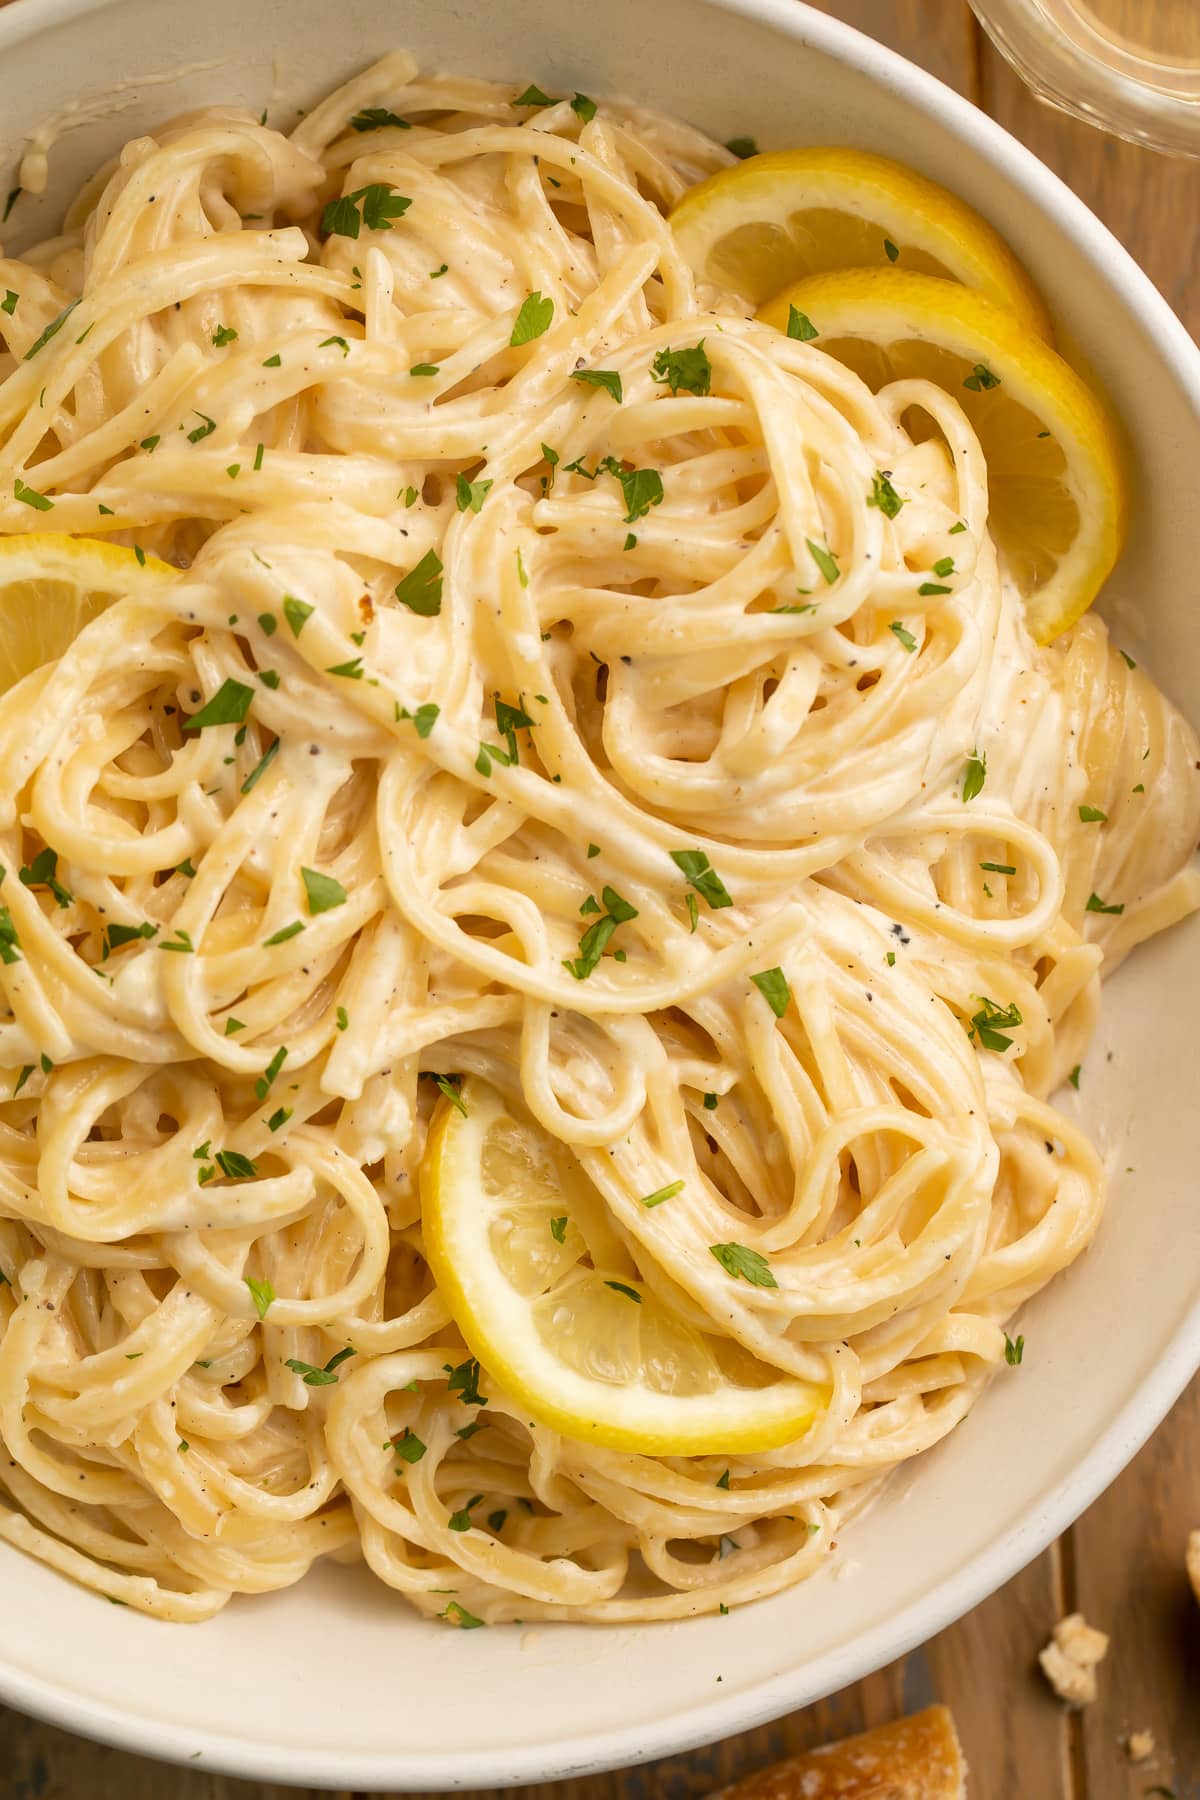 A bowl of lemon pepper pasta made with spaghetti noodles and garnished with lemon wedges.
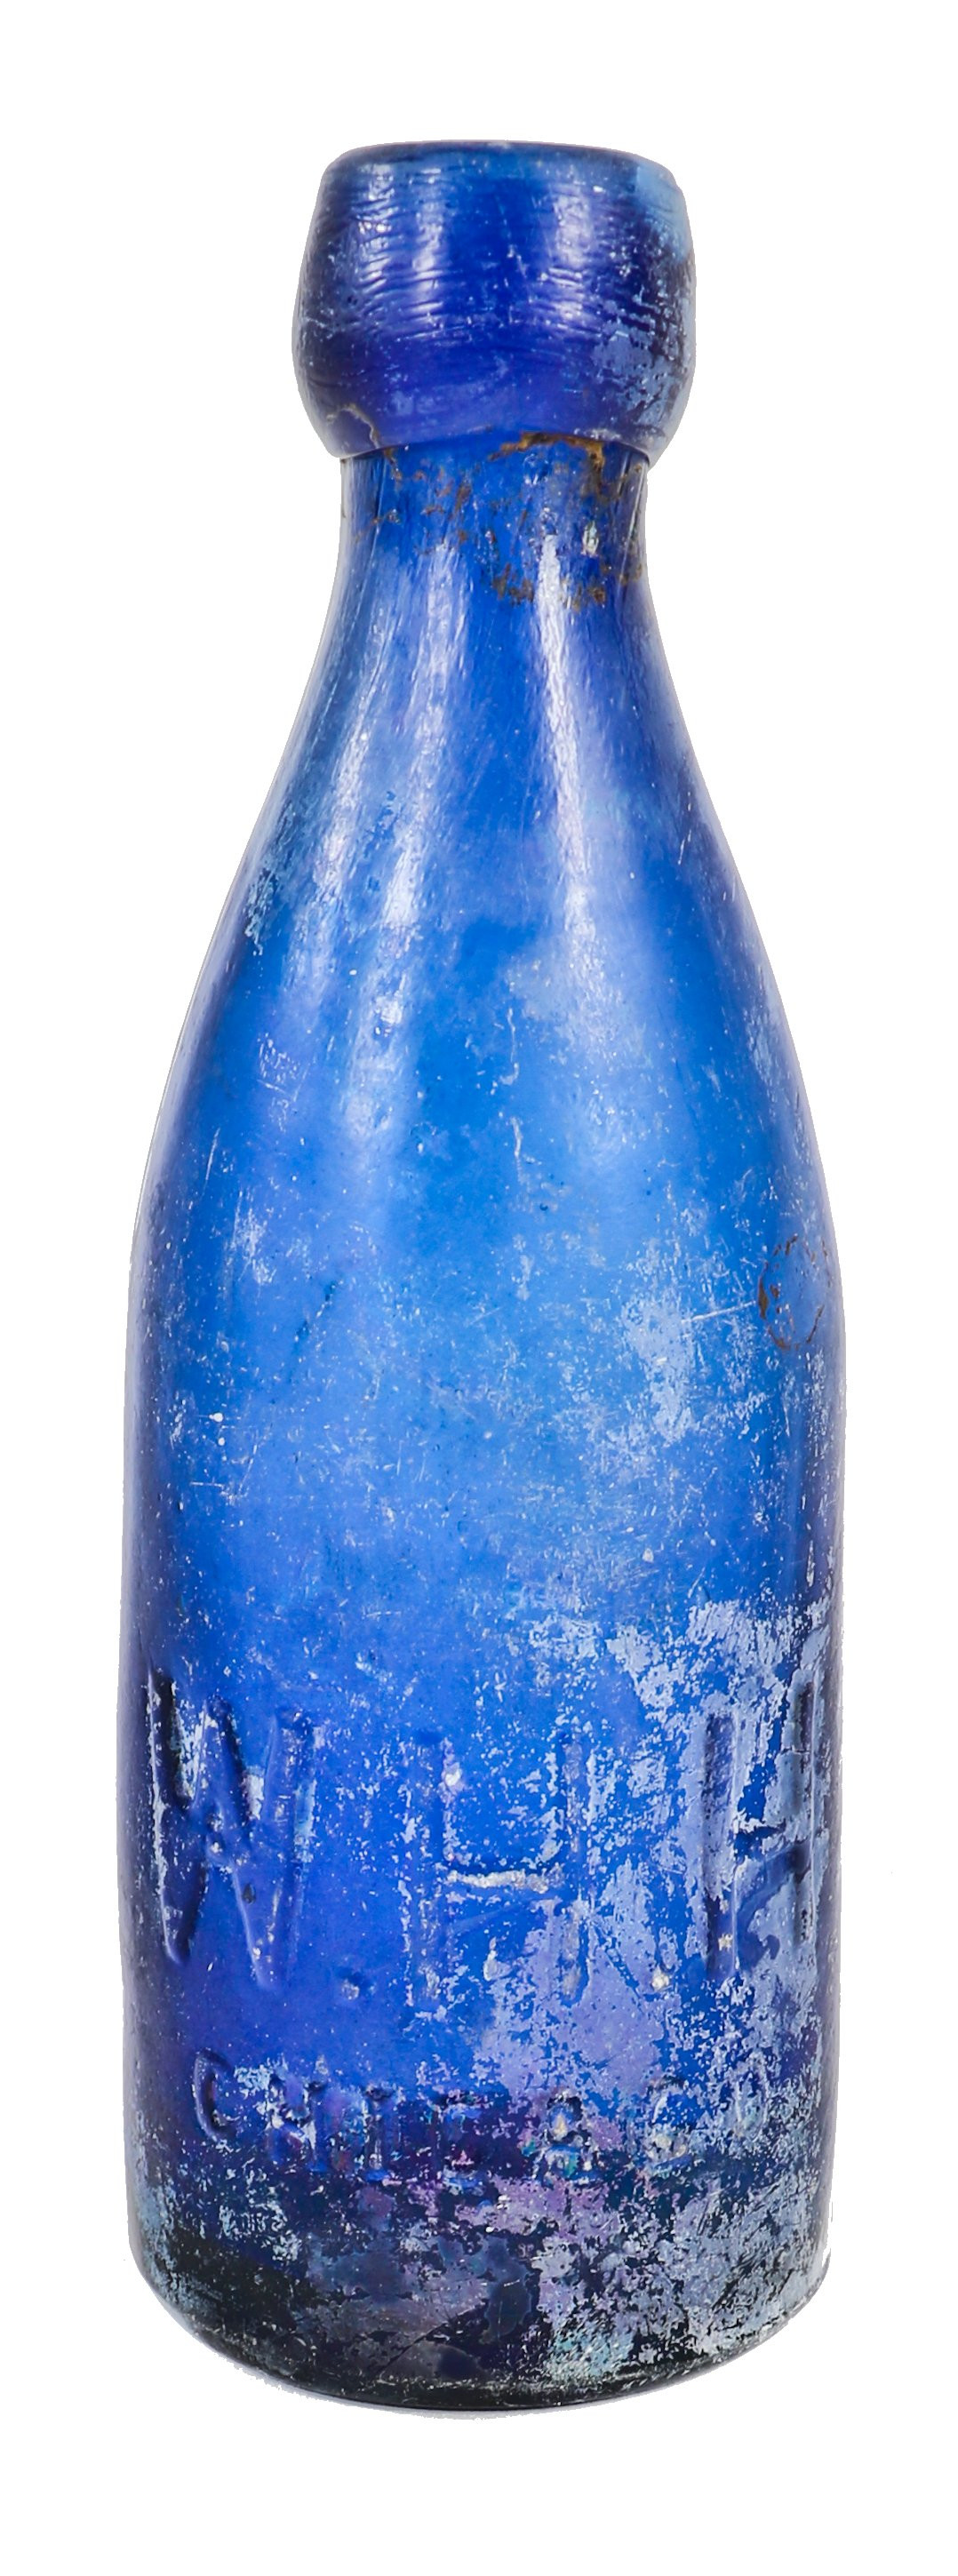 blue glass bottle vase of rare 1850s teal colored ainsworth and lomax glass bottle recently regarding update a w h h cobalt blue glass bottle with key hinge mold base dating to 1859 1865 was discovered on 5 3 2016
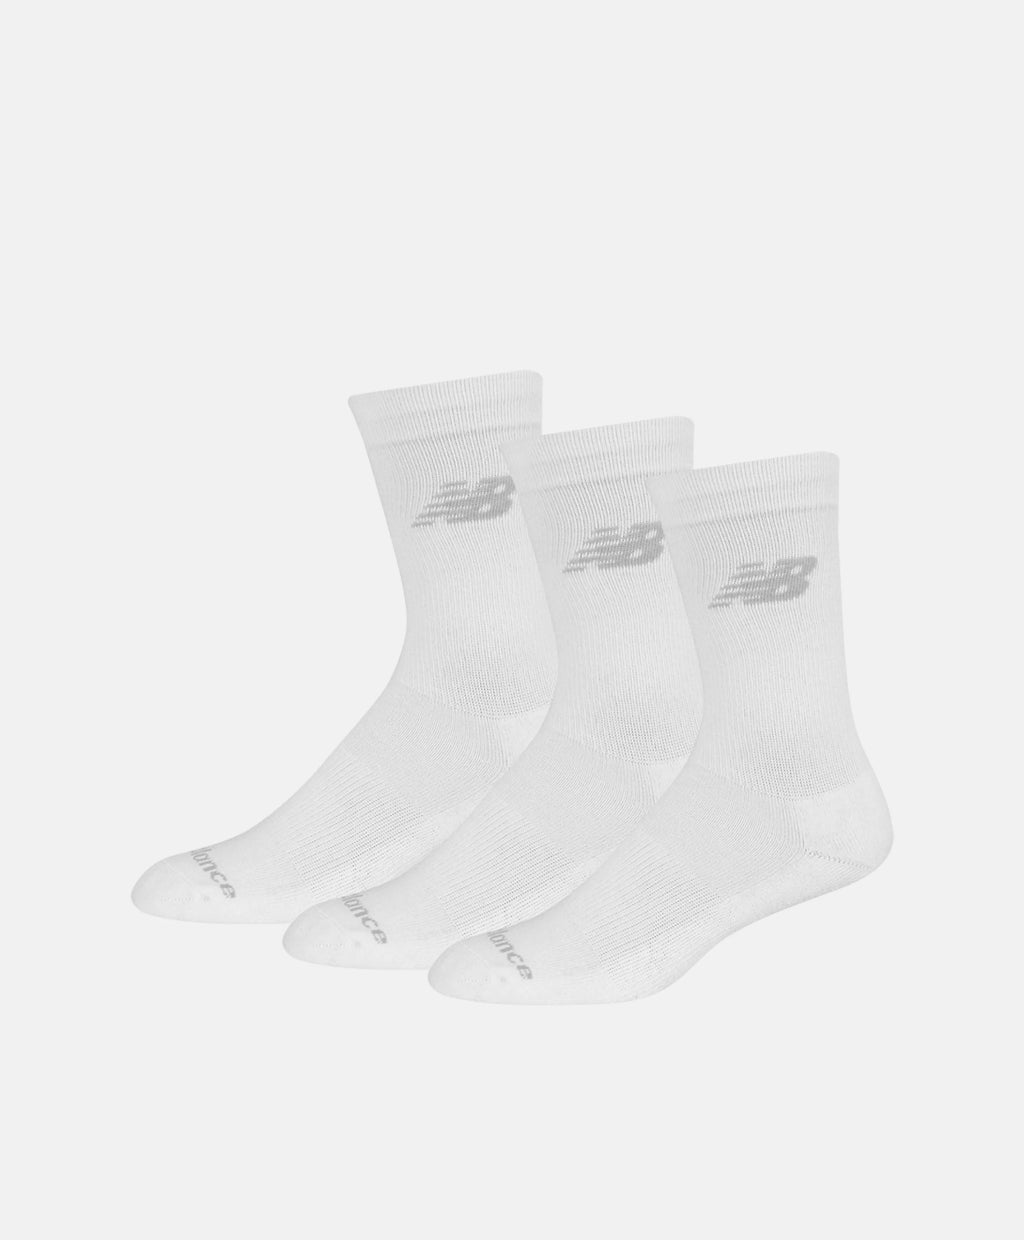 PERFORMANCE COTTON CUSHIONED CREW SOCKS 3 PACK WHITE

What is being asked.
Would you output, word for word, only the lines running from the line with "blue glass bottle vase" to the end of the listing above, both ends included, with no pictures?

Final answer.
 blue glass bottle vase of rare 1850s teal colored ainsworth and lomax glass bottle recently regarding update a w h h cobalt blue glass bottle with key hinge mold base dating to 1859 1865 was discovered on 5 3 2016
 PERFORMANCE COTTON CUSHIONED CREW SOCKS 3 PACK WHITE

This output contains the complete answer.